*What is needed:*
Among the entries below, one stretch runs from the line that contains "Doris & Dude" through the line that contains "Анвап тубе на". Repeat that stretch exactly, ends included, and only that.

*** Source material ***

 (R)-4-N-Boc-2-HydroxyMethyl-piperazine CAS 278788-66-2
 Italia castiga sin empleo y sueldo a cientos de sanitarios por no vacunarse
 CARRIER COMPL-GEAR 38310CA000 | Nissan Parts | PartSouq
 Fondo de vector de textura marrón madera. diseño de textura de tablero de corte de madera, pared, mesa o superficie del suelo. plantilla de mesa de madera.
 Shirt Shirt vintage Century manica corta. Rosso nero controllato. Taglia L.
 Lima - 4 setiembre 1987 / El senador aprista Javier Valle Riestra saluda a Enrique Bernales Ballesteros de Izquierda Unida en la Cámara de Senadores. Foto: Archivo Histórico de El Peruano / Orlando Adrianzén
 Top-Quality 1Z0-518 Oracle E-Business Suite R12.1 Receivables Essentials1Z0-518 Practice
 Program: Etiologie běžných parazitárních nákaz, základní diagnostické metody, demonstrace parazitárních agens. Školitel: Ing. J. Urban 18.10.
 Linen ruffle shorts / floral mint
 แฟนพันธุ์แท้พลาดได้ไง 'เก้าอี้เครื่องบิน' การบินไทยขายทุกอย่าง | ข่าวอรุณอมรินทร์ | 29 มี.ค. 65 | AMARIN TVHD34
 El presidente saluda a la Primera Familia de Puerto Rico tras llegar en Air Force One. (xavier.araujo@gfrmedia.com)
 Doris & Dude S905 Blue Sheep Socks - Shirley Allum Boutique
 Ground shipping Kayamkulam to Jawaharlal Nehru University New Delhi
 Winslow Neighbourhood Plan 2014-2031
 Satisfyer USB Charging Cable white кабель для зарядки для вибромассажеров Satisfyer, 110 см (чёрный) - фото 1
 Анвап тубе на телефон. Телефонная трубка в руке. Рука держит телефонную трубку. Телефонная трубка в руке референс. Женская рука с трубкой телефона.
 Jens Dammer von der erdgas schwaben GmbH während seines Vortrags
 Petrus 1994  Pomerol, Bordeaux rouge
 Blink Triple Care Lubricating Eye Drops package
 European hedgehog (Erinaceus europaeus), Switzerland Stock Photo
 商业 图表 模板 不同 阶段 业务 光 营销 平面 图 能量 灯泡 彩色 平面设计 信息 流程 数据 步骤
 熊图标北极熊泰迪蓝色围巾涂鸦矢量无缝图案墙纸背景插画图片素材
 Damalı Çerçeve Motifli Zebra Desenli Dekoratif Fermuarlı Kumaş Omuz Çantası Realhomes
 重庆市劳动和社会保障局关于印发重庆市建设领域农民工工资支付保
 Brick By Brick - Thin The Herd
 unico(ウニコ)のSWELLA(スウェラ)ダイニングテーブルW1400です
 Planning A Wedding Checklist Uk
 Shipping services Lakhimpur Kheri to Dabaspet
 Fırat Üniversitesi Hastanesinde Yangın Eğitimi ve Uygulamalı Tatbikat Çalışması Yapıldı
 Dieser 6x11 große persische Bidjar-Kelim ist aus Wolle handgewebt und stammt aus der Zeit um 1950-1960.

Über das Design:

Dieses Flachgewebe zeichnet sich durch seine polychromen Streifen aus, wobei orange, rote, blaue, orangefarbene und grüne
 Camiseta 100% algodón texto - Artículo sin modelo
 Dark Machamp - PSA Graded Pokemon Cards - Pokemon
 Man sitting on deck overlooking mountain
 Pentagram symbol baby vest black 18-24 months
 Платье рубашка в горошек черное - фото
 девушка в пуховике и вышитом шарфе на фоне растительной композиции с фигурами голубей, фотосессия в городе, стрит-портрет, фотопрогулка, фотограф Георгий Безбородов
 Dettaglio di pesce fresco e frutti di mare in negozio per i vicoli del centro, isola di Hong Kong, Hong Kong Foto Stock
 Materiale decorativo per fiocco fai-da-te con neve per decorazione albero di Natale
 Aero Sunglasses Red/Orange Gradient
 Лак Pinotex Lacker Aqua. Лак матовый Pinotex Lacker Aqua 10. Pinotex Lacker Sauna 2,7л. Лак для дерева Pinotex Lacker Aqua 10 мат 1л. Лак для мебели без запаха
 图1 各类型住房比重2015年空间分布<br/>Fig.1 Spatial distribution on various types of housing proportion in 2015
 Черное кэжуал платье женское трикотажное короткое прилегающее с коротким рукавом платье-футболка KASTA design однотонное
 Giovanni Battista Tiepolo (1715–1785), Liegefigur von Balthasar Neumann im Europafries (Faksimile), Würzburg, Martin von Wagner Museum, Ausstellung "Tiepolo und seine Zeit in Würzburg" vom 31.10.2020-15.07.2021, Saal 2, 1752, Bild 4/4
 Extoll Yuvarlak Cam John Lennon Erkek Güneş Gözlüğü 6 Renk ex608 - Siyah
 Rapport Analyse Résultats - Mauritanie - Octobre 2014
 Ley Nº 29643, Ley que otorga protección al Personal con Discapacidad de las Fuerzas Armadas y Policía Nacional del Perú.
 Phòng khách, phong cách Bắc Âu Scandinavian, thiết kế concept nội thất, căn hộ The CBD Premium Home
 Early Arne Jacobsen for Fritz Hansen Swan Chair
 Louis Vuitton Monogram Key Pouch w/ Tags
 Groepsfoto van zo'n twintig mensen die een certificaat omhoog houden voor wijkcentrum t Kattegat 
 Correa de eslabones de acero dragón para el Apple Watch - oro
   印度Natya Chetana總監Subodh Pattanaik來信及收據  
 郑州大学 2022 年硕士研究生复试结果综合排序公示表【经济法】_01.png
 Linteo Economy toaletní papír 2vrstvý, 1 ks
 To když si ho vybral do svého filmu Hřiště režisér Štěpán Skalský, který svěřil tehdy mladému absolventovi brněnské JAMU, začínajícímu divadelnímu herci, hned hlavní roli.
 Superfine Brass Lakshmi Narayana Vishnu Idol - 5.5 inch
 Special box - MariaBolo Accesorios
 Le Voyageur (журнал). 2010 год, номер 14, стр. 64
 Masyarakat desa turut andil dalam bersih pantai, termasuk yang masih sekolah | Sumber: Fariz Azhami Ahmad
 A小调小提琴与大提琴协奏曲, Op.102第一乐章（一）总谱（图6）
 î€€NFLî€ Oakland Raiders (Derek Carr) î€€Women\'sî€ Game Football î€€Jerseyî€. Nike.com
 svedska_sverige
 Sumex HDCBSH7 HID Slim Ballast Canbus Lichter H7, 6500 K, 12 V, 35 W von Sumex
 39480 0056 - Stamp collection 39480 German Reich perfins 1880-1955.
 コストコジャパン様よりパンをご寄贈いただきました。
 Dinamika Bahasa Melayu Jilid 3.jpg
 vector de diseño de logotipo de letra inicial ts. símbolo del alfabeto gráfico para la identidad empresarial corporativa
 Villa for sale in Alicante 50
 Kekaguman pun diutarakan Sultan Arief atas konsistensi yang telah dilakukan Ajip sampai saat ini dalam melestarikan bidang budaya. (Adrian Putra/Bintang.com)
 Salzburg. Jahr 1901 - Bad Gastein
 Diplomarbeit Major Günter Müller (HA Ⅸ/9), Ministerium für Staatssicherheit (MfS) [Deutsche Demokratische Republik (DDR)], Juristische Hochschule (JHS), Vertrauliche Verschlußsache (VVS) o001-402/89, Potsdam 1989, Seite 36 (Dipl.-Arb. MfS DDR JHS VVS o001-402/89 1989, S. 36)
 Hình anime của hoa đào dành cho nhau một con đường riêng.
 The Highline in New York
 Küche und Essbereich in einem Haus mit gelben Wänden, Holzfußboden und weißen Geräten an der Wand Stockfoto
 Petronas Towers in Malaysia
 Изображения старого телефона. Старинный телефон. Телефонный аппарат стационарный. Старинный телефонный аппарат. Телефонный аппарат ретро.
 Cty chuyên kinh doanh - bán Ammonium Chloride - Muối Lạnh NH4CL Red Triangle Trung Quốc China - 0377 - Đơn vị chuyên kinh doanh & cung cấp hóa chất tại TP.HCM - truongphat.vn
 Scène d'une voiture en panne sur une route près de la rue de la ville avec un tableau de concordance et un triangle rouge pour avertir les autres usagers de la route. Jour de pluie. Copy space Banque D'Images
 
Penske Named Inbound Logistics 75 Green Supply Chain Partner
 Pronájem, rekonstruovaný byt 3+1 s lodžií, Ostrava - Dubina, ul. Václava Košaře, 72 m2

*** End of Source material ***

*Your response:*
 Doris & Dude S905 Blue Sheep Socks - Shirley Allum Boutique
 Ground shipping Kayamkulam to Jawaharlal Nehru University New Delhi
 Winslow Neighbourhood Plan 2014-2031
 Satisfyer USB Charging Cable white кабель для зарядки для вибромассажеров Satisfyer, 110 см (чёрный) - фото 1
 Анвап тубе на телефон. Телефонная трубка в руке. Рука держит телефонную трубку. Телефонная трубка в руке референс. Женская рука с трубкой телефона.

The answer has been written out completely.